It is a
pleasure to now be developing a keynote speech for China’s 2022 national
conference on music and arts education.
UPDATE (1 January 2023): Incredibly, this conference had 450,000 participants (online and live), with 272 paper presentations, and my keynote was viewed by 67,000 people.
UPDATE (12 October 2022): This conference has now been postponed by about two weeks (presumably due to pandemic restrictions) and there is now a new poster for it, which I am posting here (above the other one). I just learned that on the day after our keynote speeches there will be over 200 research presentations at this event! That is about the same size as major international conferences, and shows how significant China has become in the field of music research. I eagerly look forward to it.

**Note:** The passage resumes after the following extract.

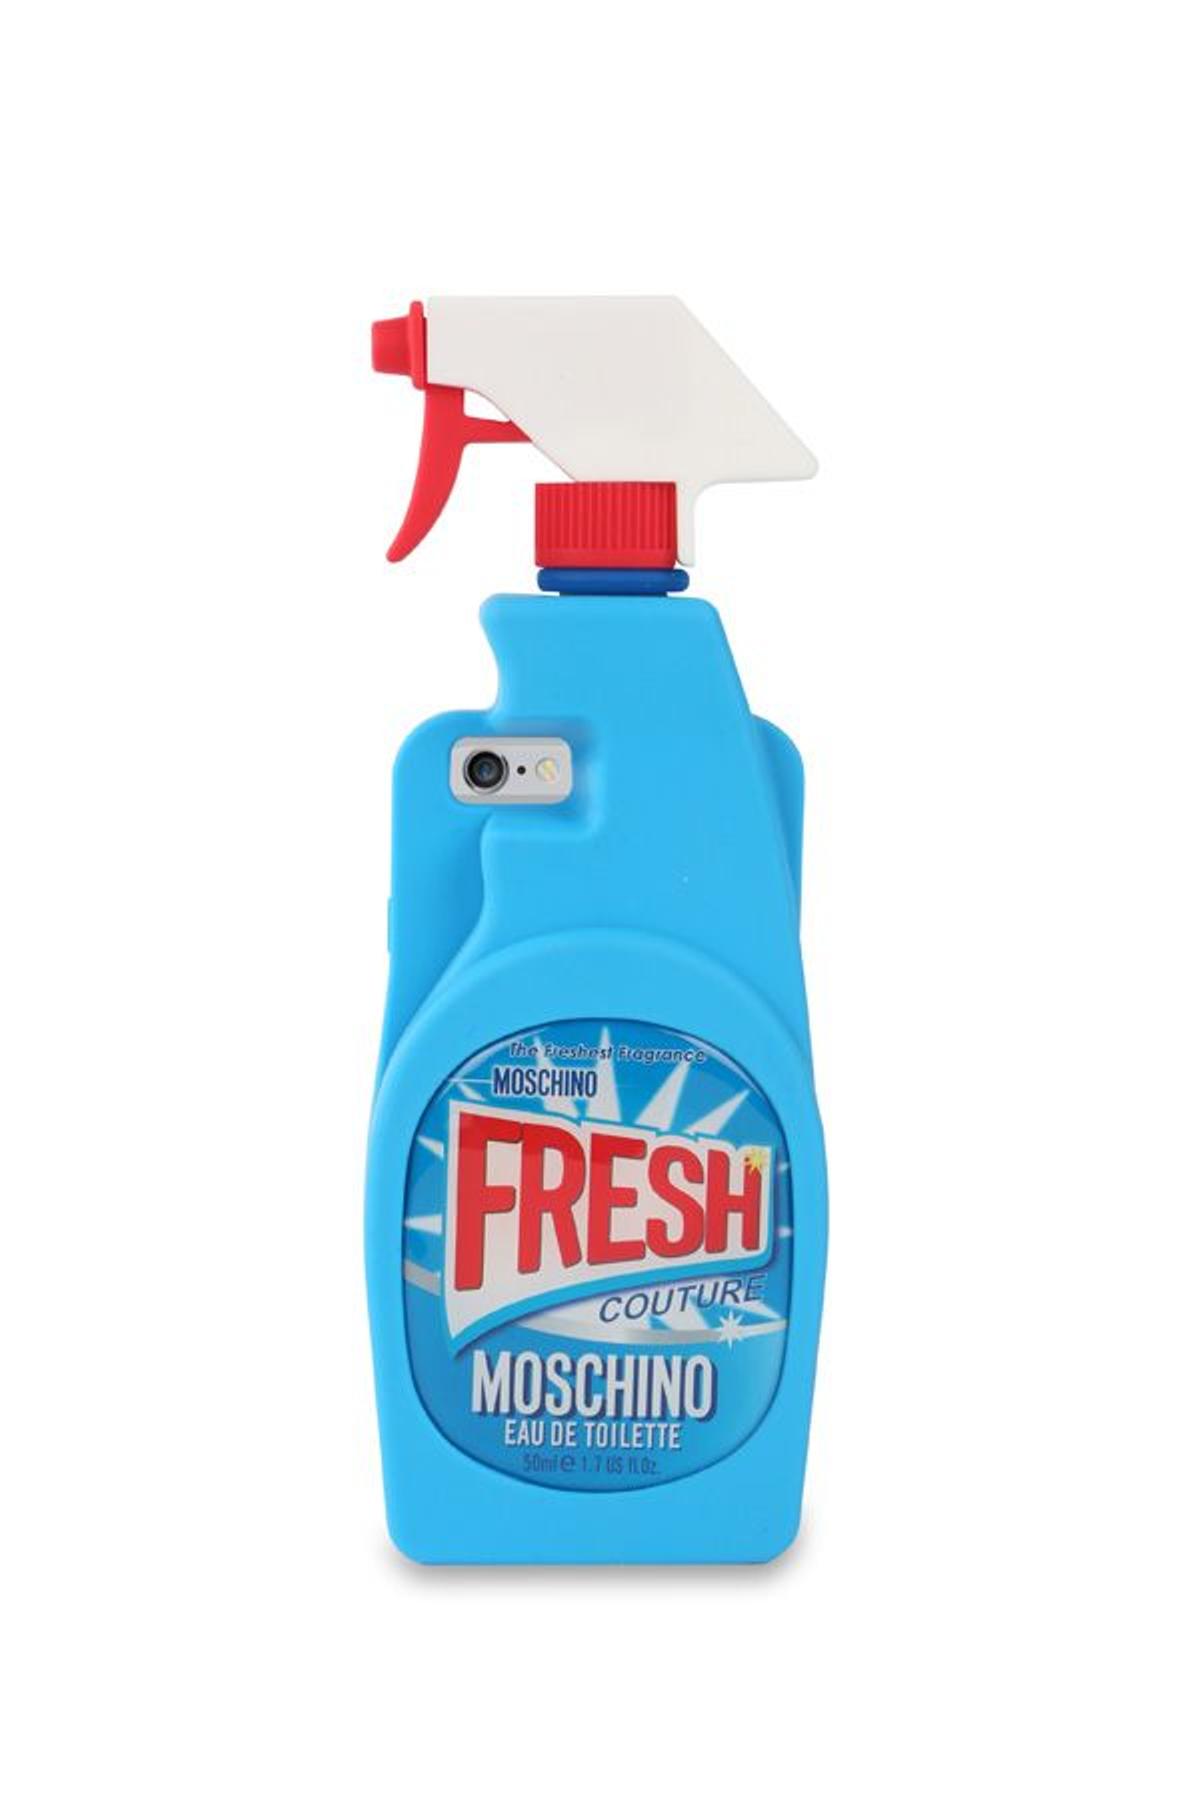 Funda para el móvil Moschino Fresh
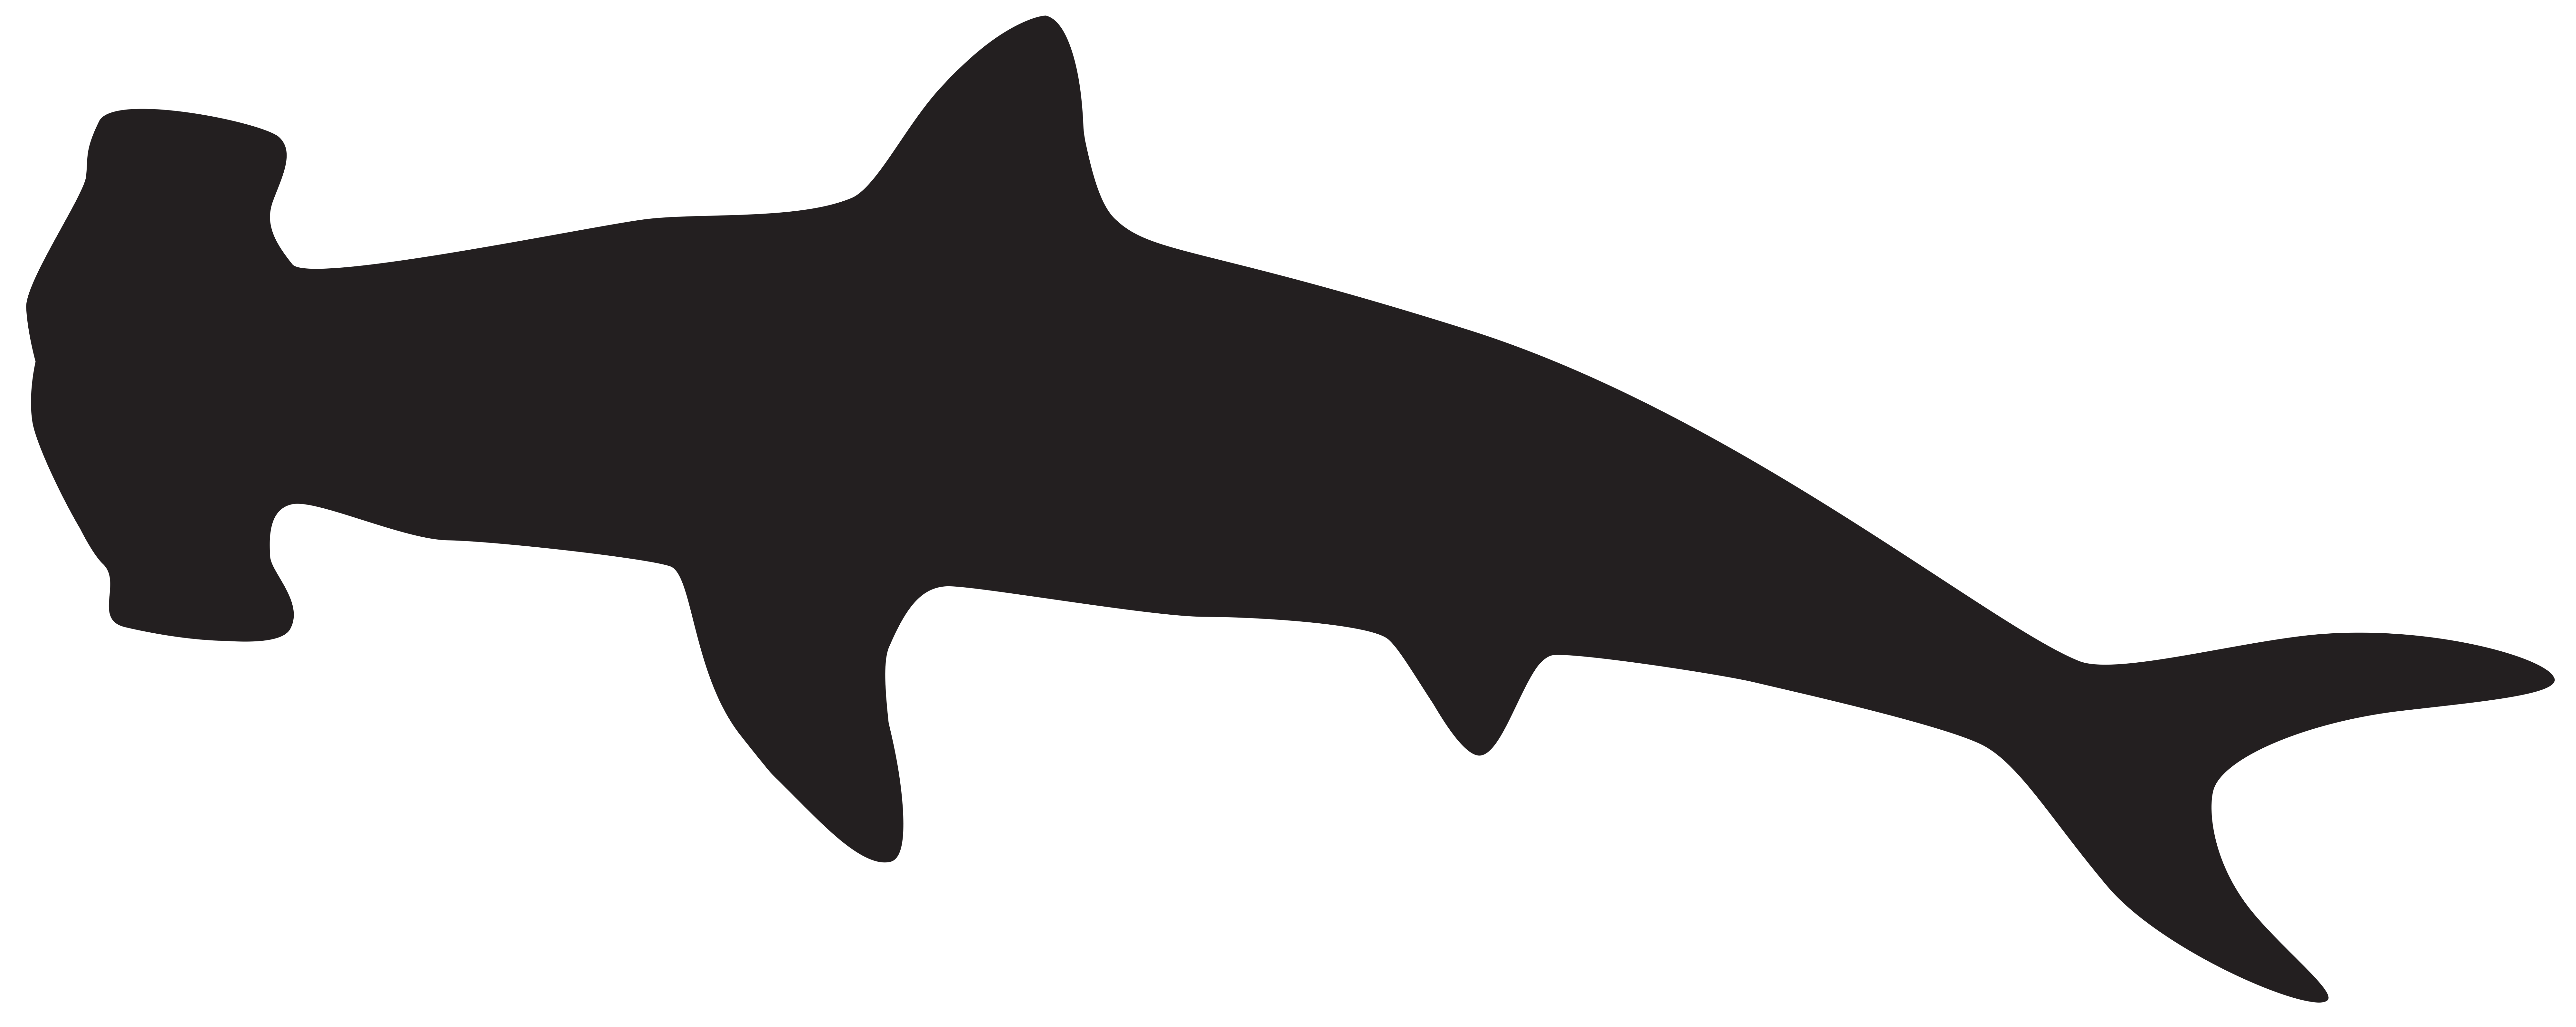 Hammerhead Shark Silhouette PNG Clip Art Image

UPDATE (18 September 2022): Below is the title and abstract for my keynote speech.
Why History
Matters for Music Education: Practical and Disciplinary Considerations
Abstract:
History matters
for music education in that it enables music teachers to apprehend the forces
that shape musical and educational conditions. Historical understandings also
enable teachers to convey an appreciation for cultural heritage, as well as
recognition of how performance practices evolve, along with judgements about
which aspects of music matter, and what features constitute “good” music. The
History Standing Committee (HSC) of the International Society for Music
Education (ISME), which I now Chair, is devoted to developing a global
perspective on music education history. My book Theory and Method in
Historical Ethnomusicology also demonstrates ways of producing an
anthropological understanding of how music education develops. Since 2000,
China has ascended in this field: traditional Chinese music has become more
robustly institutionalized in major conservatoires, music genres of minority
peoples have gained increasing attention, and China has even become a major
center for “western” art music. Music education research from China is also
growing in prominence, and it is encouraging to hear of Chinese research in the
history of music education. I notice that aesthetic education is a major
theme of this conference. In North America in the 1990s, praxialists shifted
attention away from aesthetics to active music-making in education, but their
arguments were based on Eurocentric definitions of “aesthetics,” and it is
interesting to learn how this is regarded in China today. From 2020, the
Covid-19 pandemic has disrupted education and international relations
worldwide, and its possible long-term impacts are unclear. History shows that
economic risks tend to reduce public support for arts, and pandemic conditions
have been a challenge for musicians worldwide. I will explore three questions:
(1) How did historical musicians gain broader appreciation for their art
during times of major disruption? (2) How is “aesthetic education” perceived
differently in different national-educational contexts?, and (3) How might
comparative-historical studies shed light on what has caused the recent
blossoming of music education in China, to help ensure these successes are
sustained far into the future?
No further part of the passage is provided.